Este número obscuro – 3.688 – é o da lei que impede a prática dos jogos de azar no Brasil. “Mas poker não é jogo de azar!”, há de notar o leitor. “É jogo de habilidade!” Bem colocado, bem colocado. Alguns reacionários, porém, não pensam assim. Em tempo já retifico: reacionários e ignorantes. Muitos deles são deputados, senadores, governadores – exatamente aqueles sujeitos que deveriam ser as cabeças mais iluminadas do nosso país.
Mas não se enganem, amigos: apesar de salubérrimo, o 3.688 é um cadáver político. “Como assim?”, dirá o leitor, confuso. Ao que responderei, seco e objetivo: “Um salubérrimo cadáver”. Apesar de apresentar vigorosos sinais vitais, o 3.688 tem seus dias contados. Digo isso pelo seguinte motivo: a história nos ensinou que a razão humana, cedo ou tarde, triunfa sobre a ignorância. E o Decreto-Lei nº 3.688, ao não excluir o poker da categoria de jogos de azar, é o exemplo máximo, a personificação perfeita, uma carta magna da estupidez humana.
Nesta coluna da CardPlayer Brasil, já escrevi que, até o século passado, o jogador de poker tinha síndrome de vira-lata. Quando passava a carrocinha, cada um de nós tremia; tínhamos medo de sermos laçados. Hoje, não mais. O jogador de poker virou estrela de Hollywood, virou astro do rock, virou gênio do esporte. E aqui, no Brasil, estamos trilhando o mesmo caminho. Mas ainda há muito a fazer.
Alguns dias atrás, tive uma conversa interessante. Uma amiga me chamou para o bar. “Não dá”, respondi. “Vou jogar poker hoje”. E ela, risonhamente: “Que medo de você!” Vejam vocês: como se eu fosse um gângster, ela ficou com medo de mim! Importante ressaltar que o “medo” sorridente dela denunciou, também, uma certa admiração. Ela imaginou que eu fosse um tipo perigoso, que jogava cartas com caubóis armados, numa sala escura e esfumaçada.
Volto à política.

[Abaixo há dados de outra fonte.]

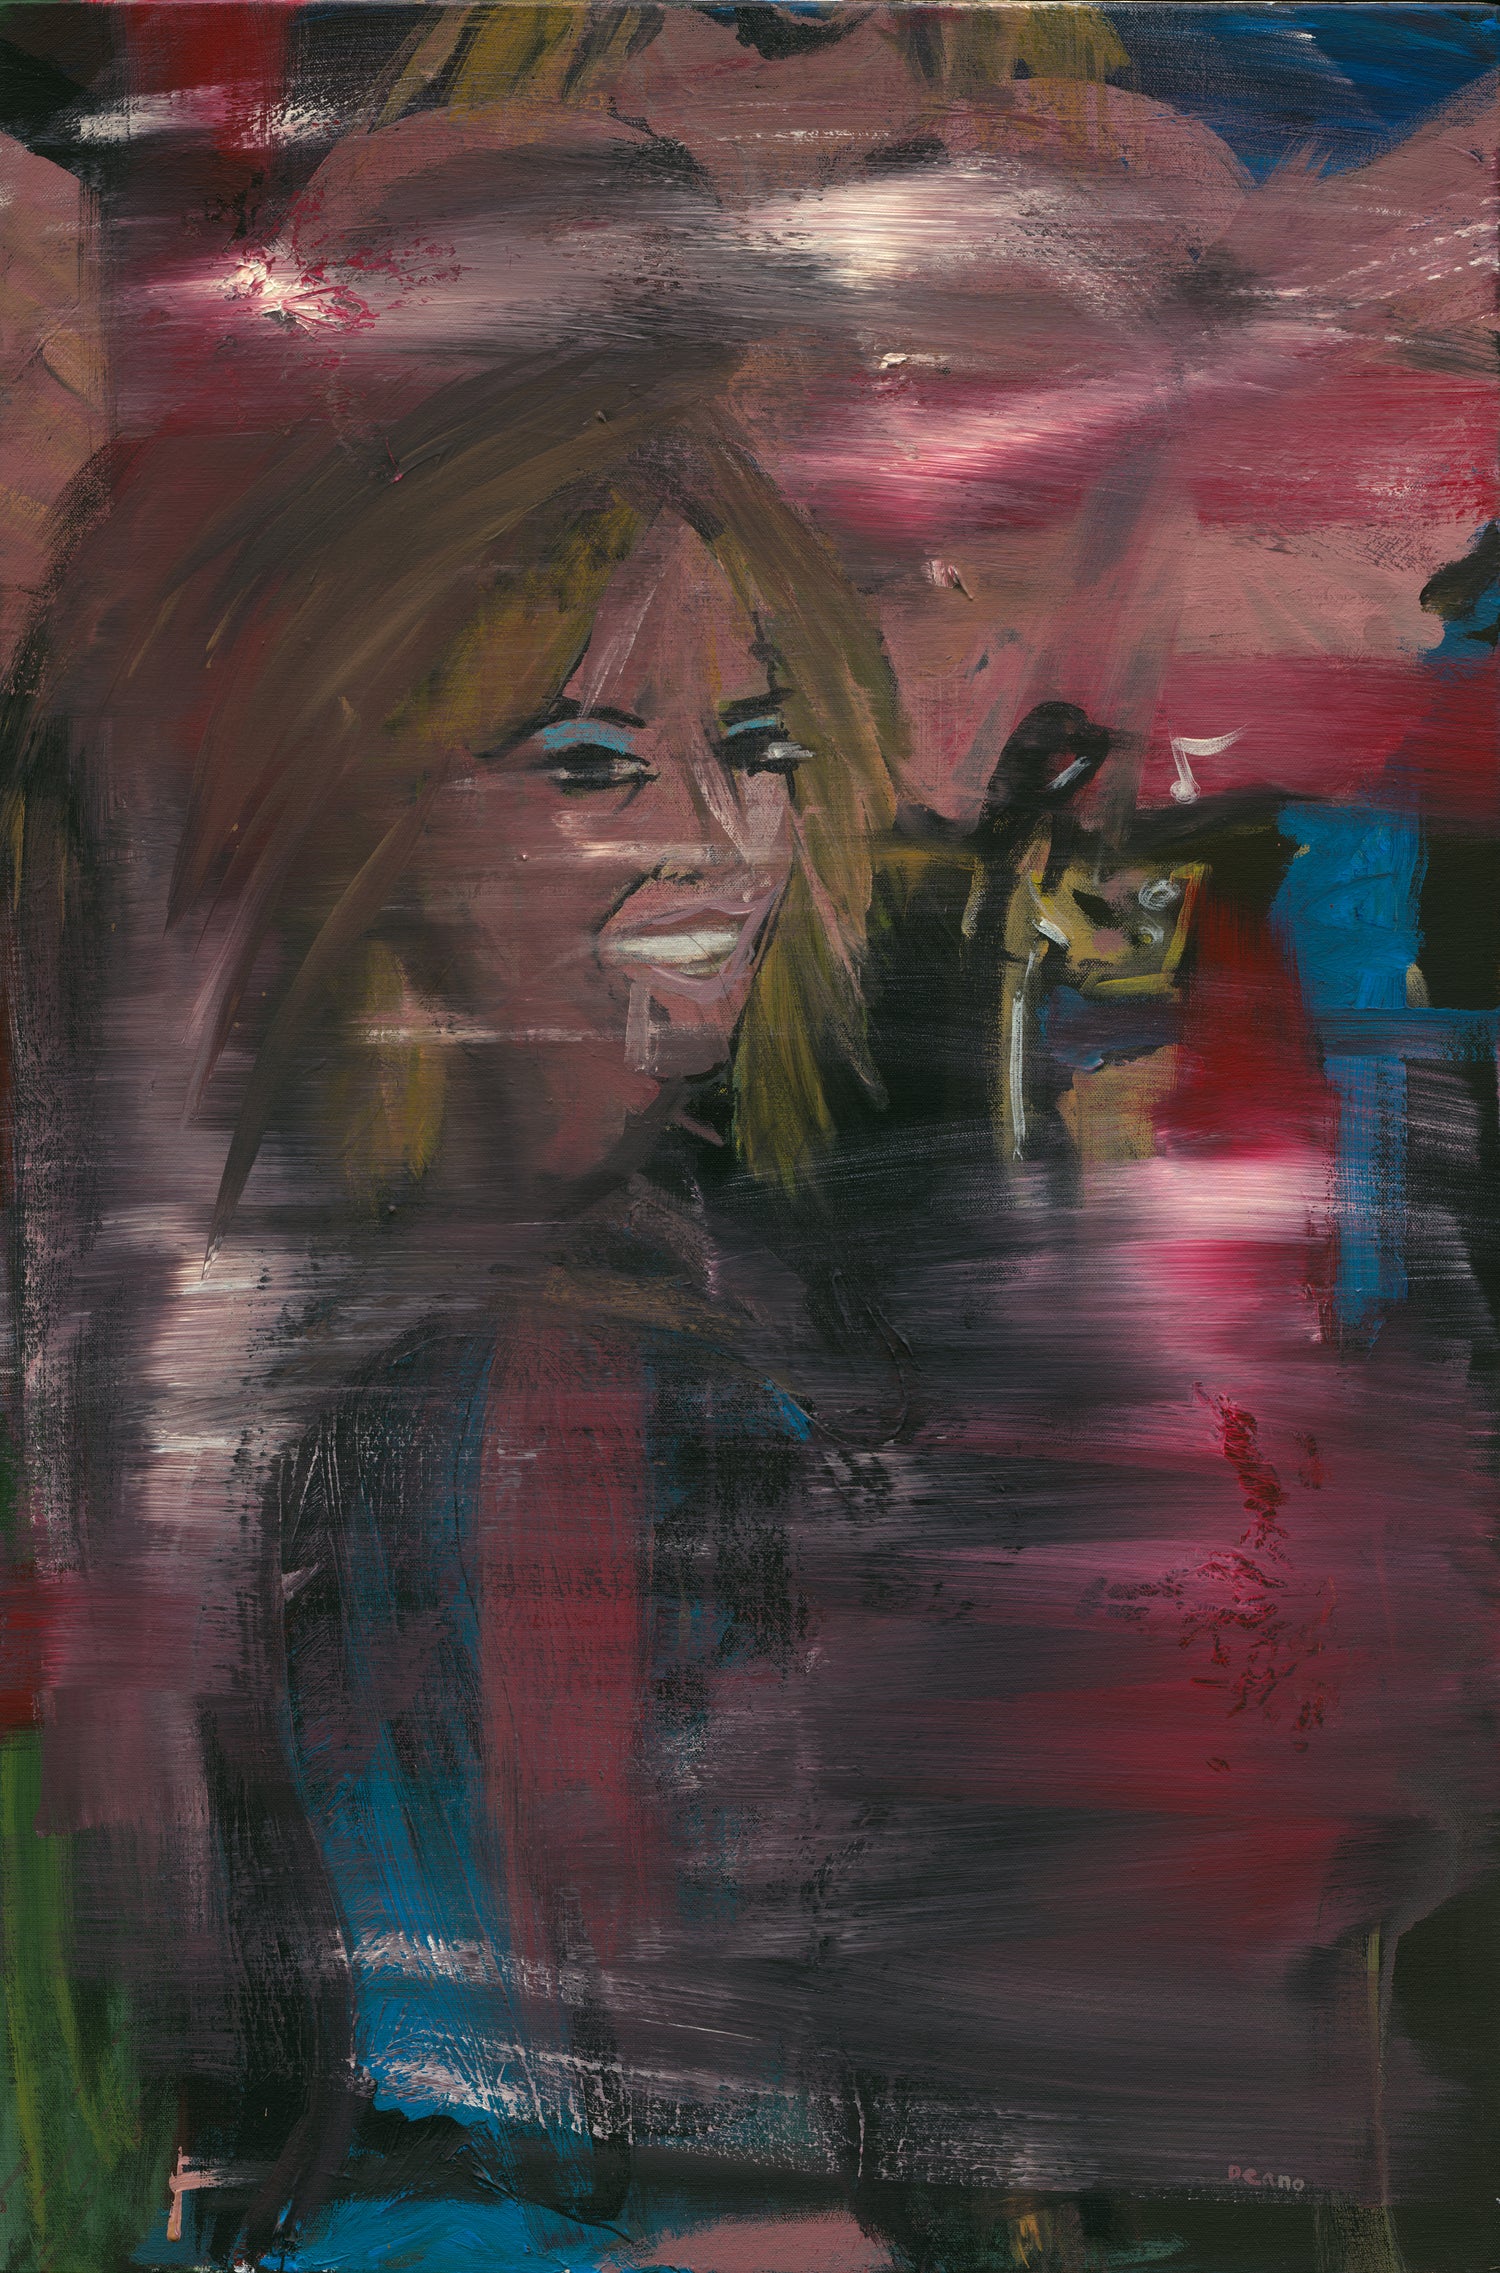 Acrylic on canvas abstract, original painting featuring a smiling DJ surrounded by a vibrant and blurred club scene in bright pinks and blues.

Eis que o ilustre senador Garibaldi Alves Filho (PMDB-RN) aparece, no ano passado, com o Projeto de Lei nº 255/09. Dir-se-ia um irmão caçula do 3.688. A intenção de Garibaldi é criminalizar os jogos de azar na internet. Se o projeto for aprovado, o brasileiro não poderá jogar poker live, tampouco online, na pátria mãe.

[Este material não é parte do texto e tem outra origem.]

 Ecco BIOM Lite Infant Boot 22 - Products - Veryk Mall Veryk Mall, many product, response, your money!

Enquanto o poker é caçado por reacionários a pontapés e pauladas, como se fosse uma ratazana obesa, os verdadeiros jogos de azar são promovidos pelo Estado. Como a Mega Sena, a Lotomania, etc. etc. É o tipo de coisa que só poderia acontecer, para citar Zé Simão, no “país da piada pronta”. Muitos anos já se passaram. E ainda vivemos a ressaca de 1941.